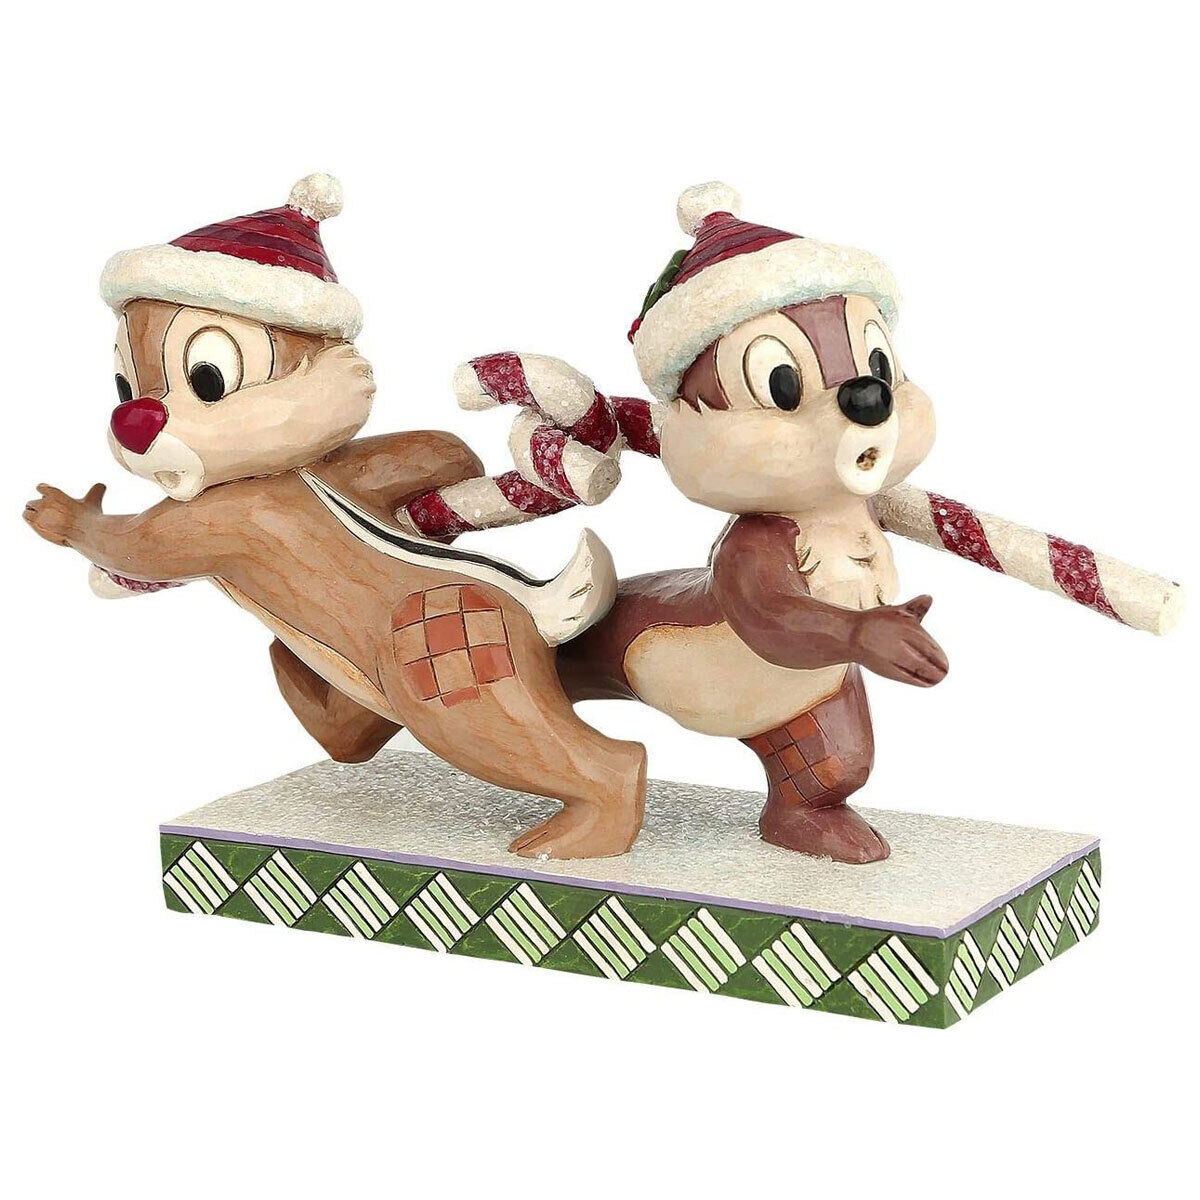 Disney Traditions Figurine - Chip 'n' Dale Candy Cane Caper - Limited Edition
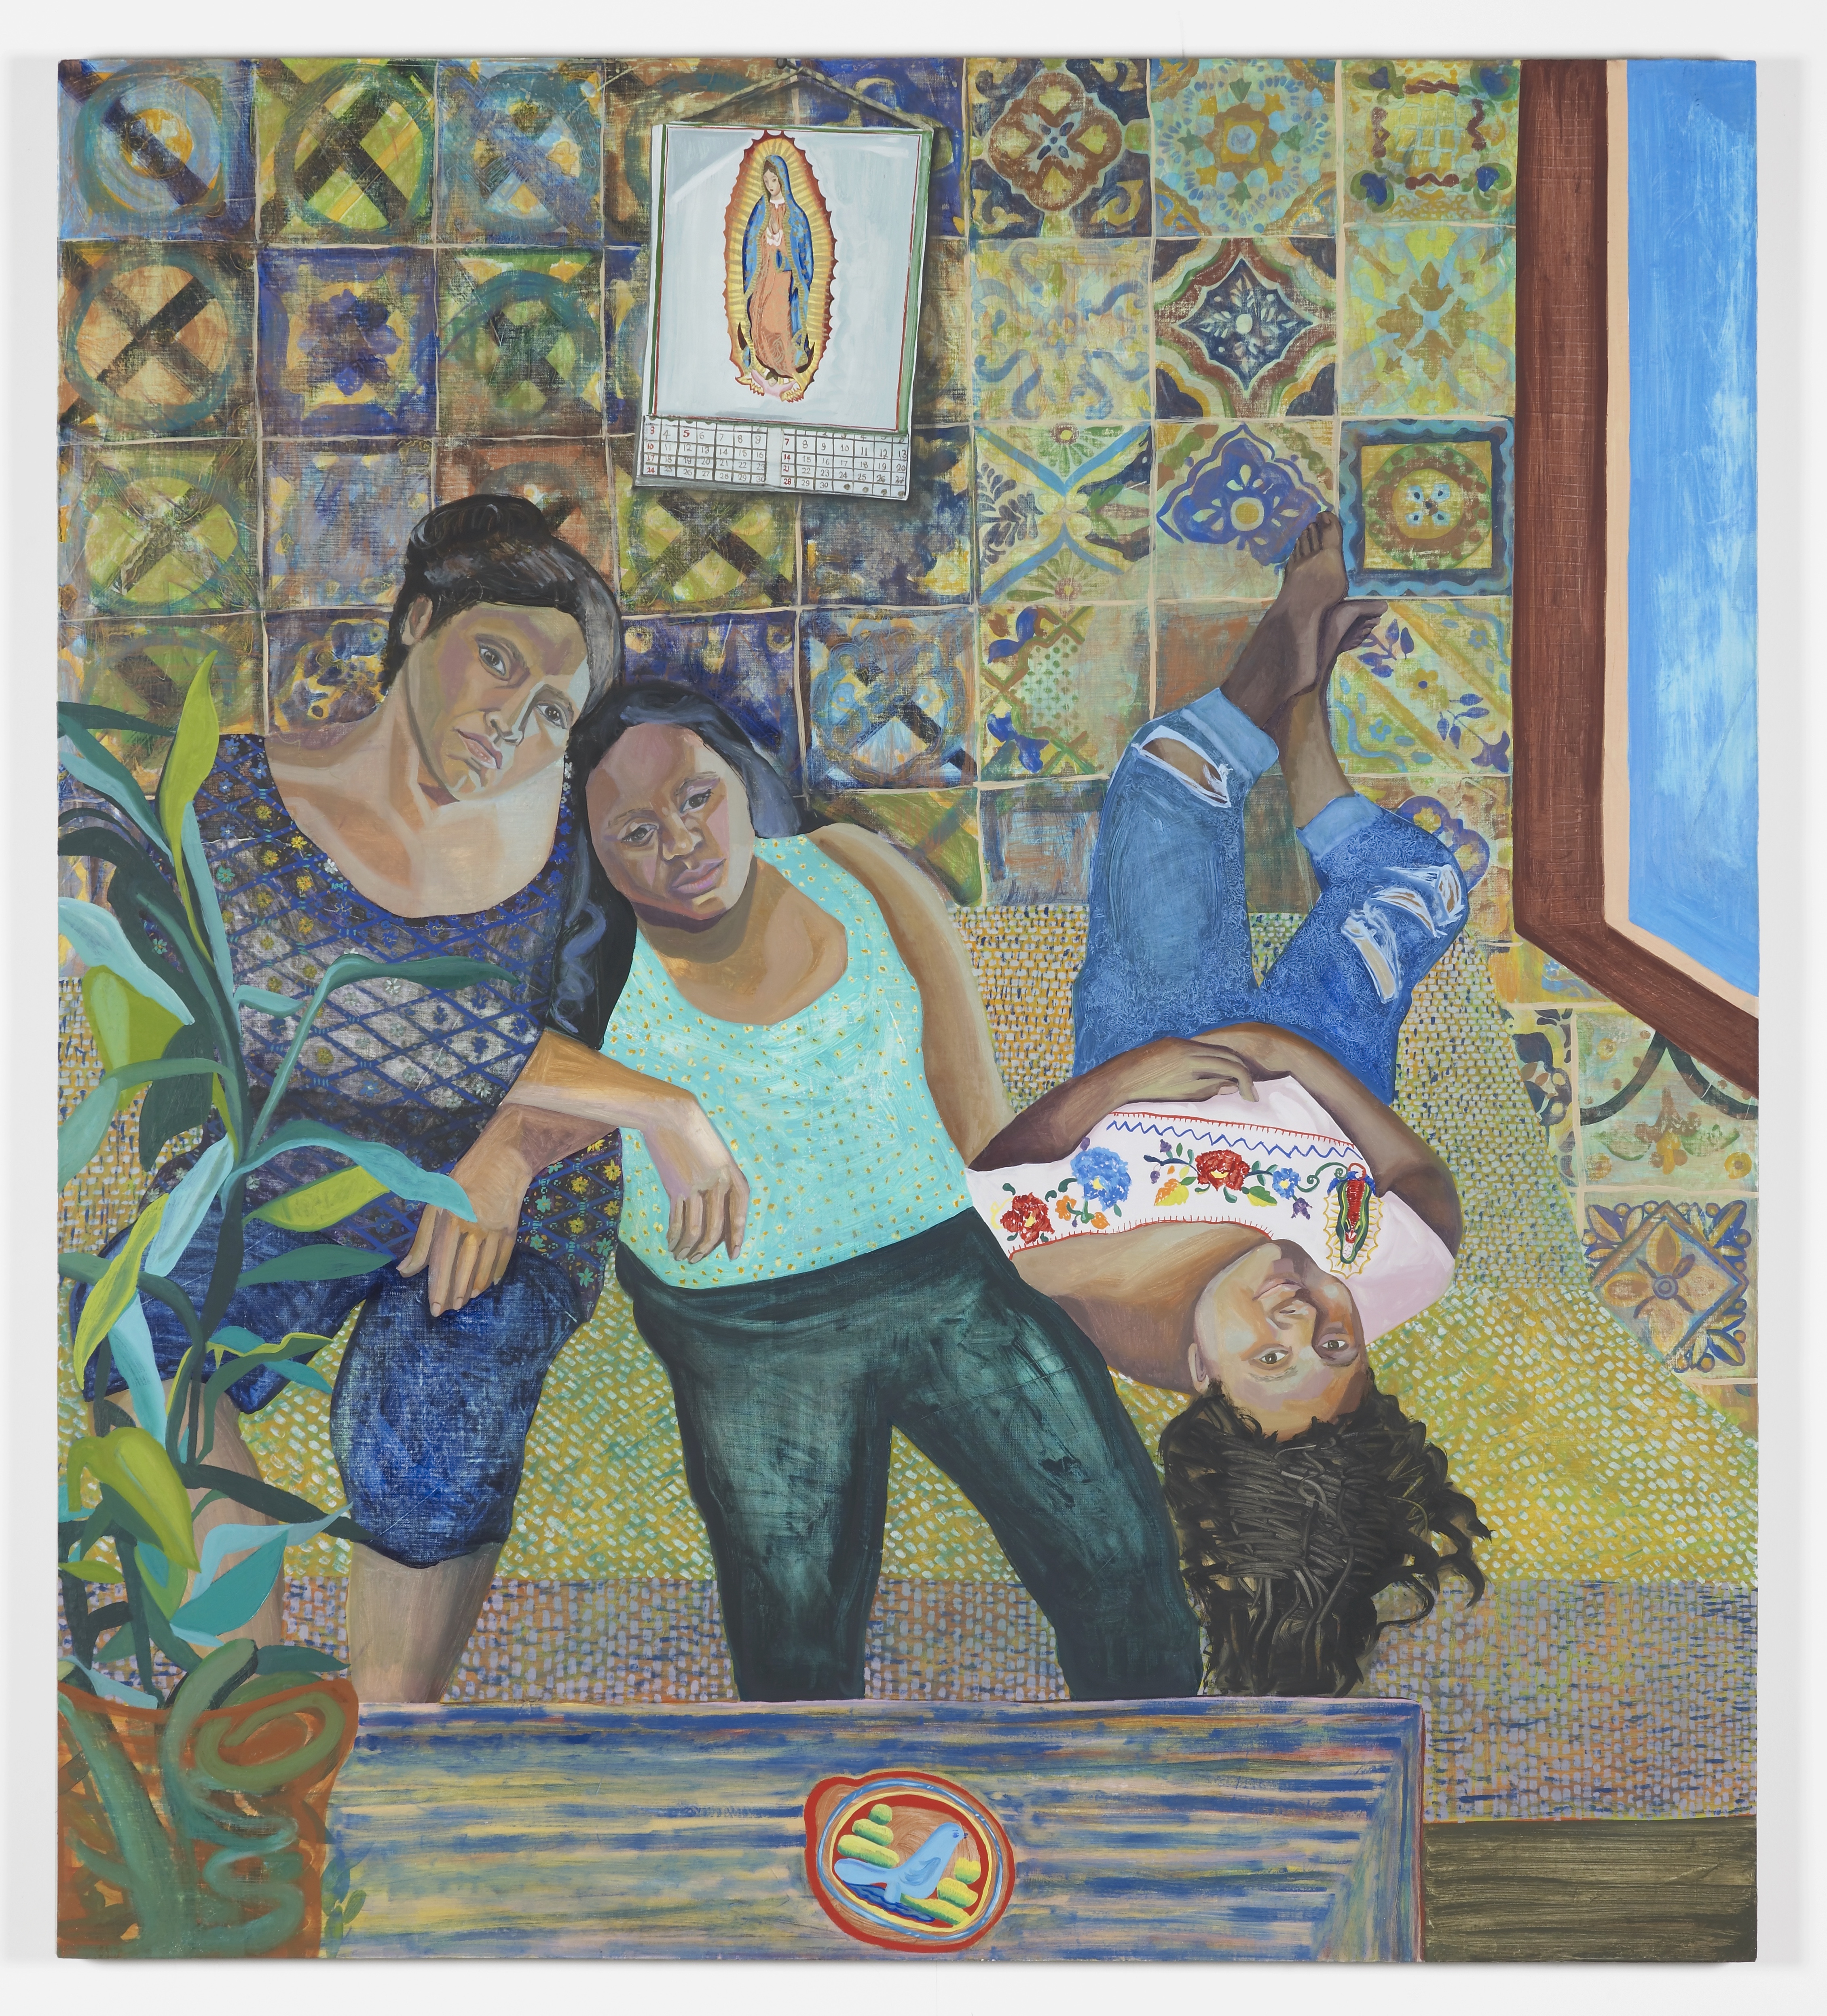 "Las Talaveritas," 2015, by Aliza Nisenbaum, will be part of the upcoming exhibition at the Cleveland Museum of Art entitled, "Picturing Motherhood Now.''
. Valeria and Gregorio Napoleone Collection. © Aliza Nisenbaum. Photo courtesy the Artist and Anton Kern Gallery, New York.

- _Problem statement_
Give every line above again exactly, with no pictures.

- _Completed exercise_
 Disney Traditions Figurine - Chip 'n' Dale Candy Cane Caper - Limited Edition
 "Las Talaveritas," 2015, by Aliza Nisenbaum, will be part of the upcoming exhibition at the Cleveland Museum of Art entitled, "Picturing Motherhood Now.''
. Valeria and Gregorio Napoleone Collection. © Aliza Nisenbaum. Photo courtesy the Artist and Anton Kern Gallery, New York.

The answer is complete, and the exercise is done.